In AV-TEST’s Advanced Threat Protection Test evaluations, Kaspersky Endpoint Security for Business, Kaspersky Small Office Security, and Kaspersky Internet Security all shown to be 100% successful against ransomware attacks. The goods didn’t lose a single user file over ten distinct full-chain attacks.

The Dutch National Police’s National High Tech Crime Unit, Europol’s European Cybercrime Centre, Kaspersky, and other collaborators created the No More Ransom campaign in 2016 to battle ransomware and aid individuals impacted (https://apo-opa.info/3OuXz8d). Participants offer decryption tools, best practises, and instructions for reporting cybercrimes on the official website, regardless of where the incident occurred. These priceless tools have assisted 173 ransomware families’ victims in regaining access to their data without paying any ransoms. The effort also attempts to spread knowledge about ransomware and infection avoidance strategies. Kaspersky has been a significant contributor to No More Ransom since the initiative’s beginning as a founding member.

• Consider according to the guidelines provided by Kaspersky to safeguard both you and your company from ransomware attacks:
• Avoid using public networks to access remote desktop/management services (such RDP, MSSQL, etc.) unless it is absolutely required, and whenever you do, make sure to protect them with strong passwords, two-factor authentication, and firewall restrictions.
• Install any patches that are readily accessible for the commercial VPN services you are using to give remote workers access and serve as network gateways.
• Maintain software updates on all of your devices to stop ransomware from taking advantage of security flaws.

• Detecting lateral movements and data exfiltration to the Internet should be the main focus of your defence plan. Pay close attention to the outgoing traffic to spot connections from fraudsters.
• Regularly backup your data, paying close attention to offline backup techniques. Make sure you can rapidly get to it if necessary in an emergency.
• AVOID DOWNLOADING AND INSTALLING PIRATED OR UNKNOWN SOURCES OF SOFTWARE.
• Evaluate and audit the access to your environment that your managed services and supply chain have.
• In the sad event of data theft, create an action plan for the reputational damage of your data exposure.

• Use tools like Kaspersky Managed Detection and Response (https://apo-opa.info/3DvXkDx) and Kaspersky Endpoint Detection and Response Expert (https://apo-opa.info/3OsQQvs) to detect and stop attacks in their early phases, before attackers succeed in achieving their objectives.
• Educate your staff on environmental protection for the workplace. Specialised training programmes, such those offered by the Kaspersky Automated Security Awareness Platform (https://apo-opa.info/3X1m0wN), can be beneficial.

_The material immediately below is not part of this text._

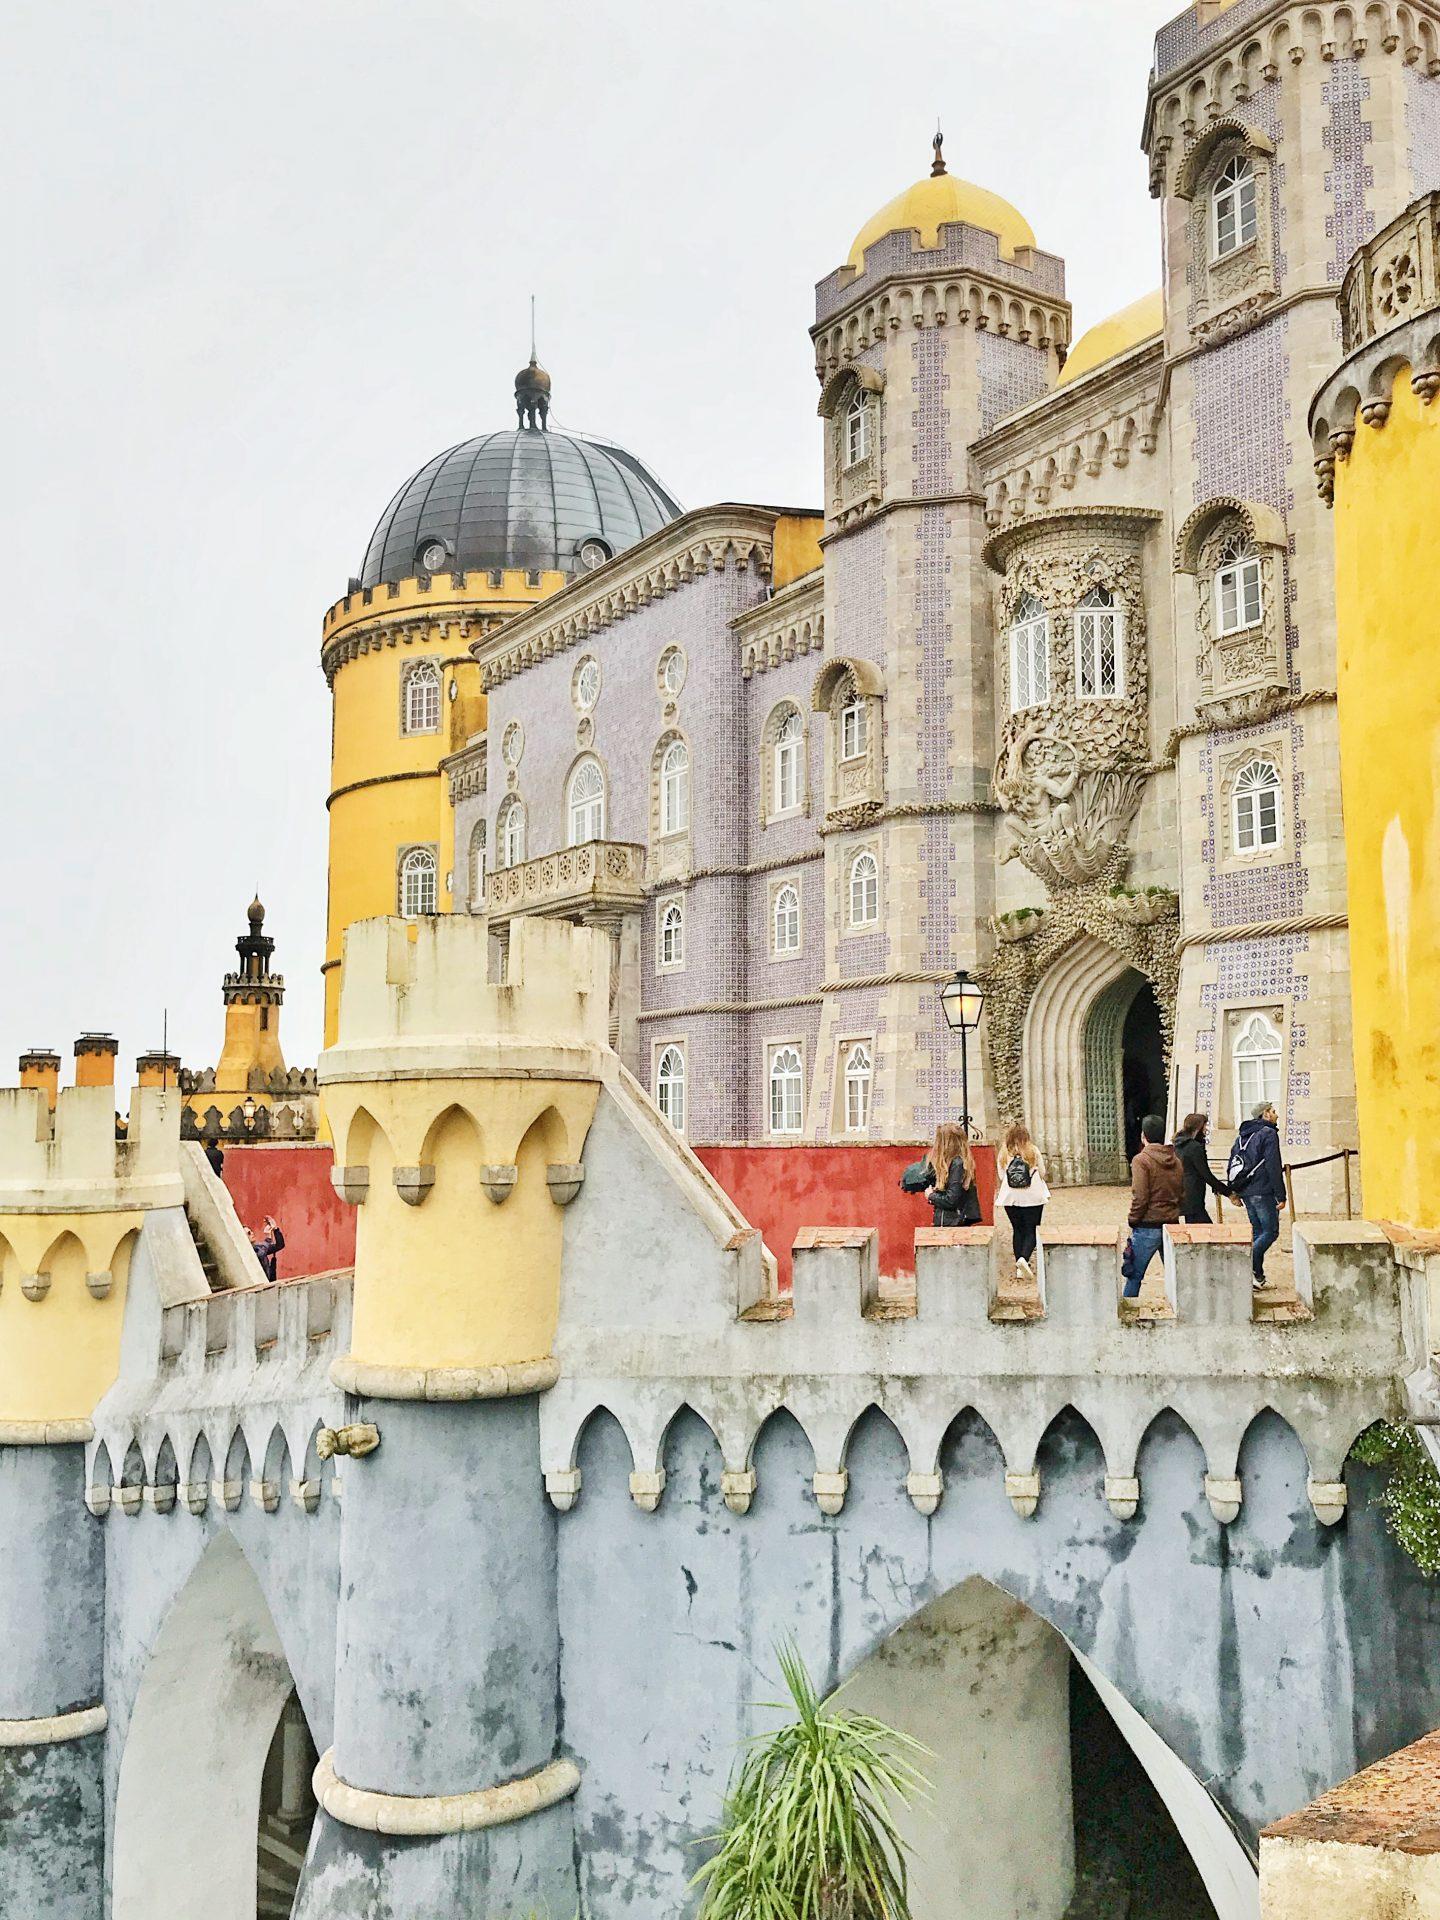 A Day trip to Sintra

• Use a trustworthy endpoint security programme like Kaspersky Endpoint Security for Business, which has a remediation engine that can undo harmful acts, behaviour detection, and exploit protection built in. Additionally, KESB has defence systems that can stop cybercriminals from removing it.
• Utilise the most recent Threat Intelligence data (https://apo-opa.info/43V1DnQ) to keep abreast of the TTPs that threat actors are actually employing. A single point of access for Kaspersky’s TI, the Kaspersky Threat Intelligence Portal offers information on cyberattacks and insights acquired by our team over a 25-year period.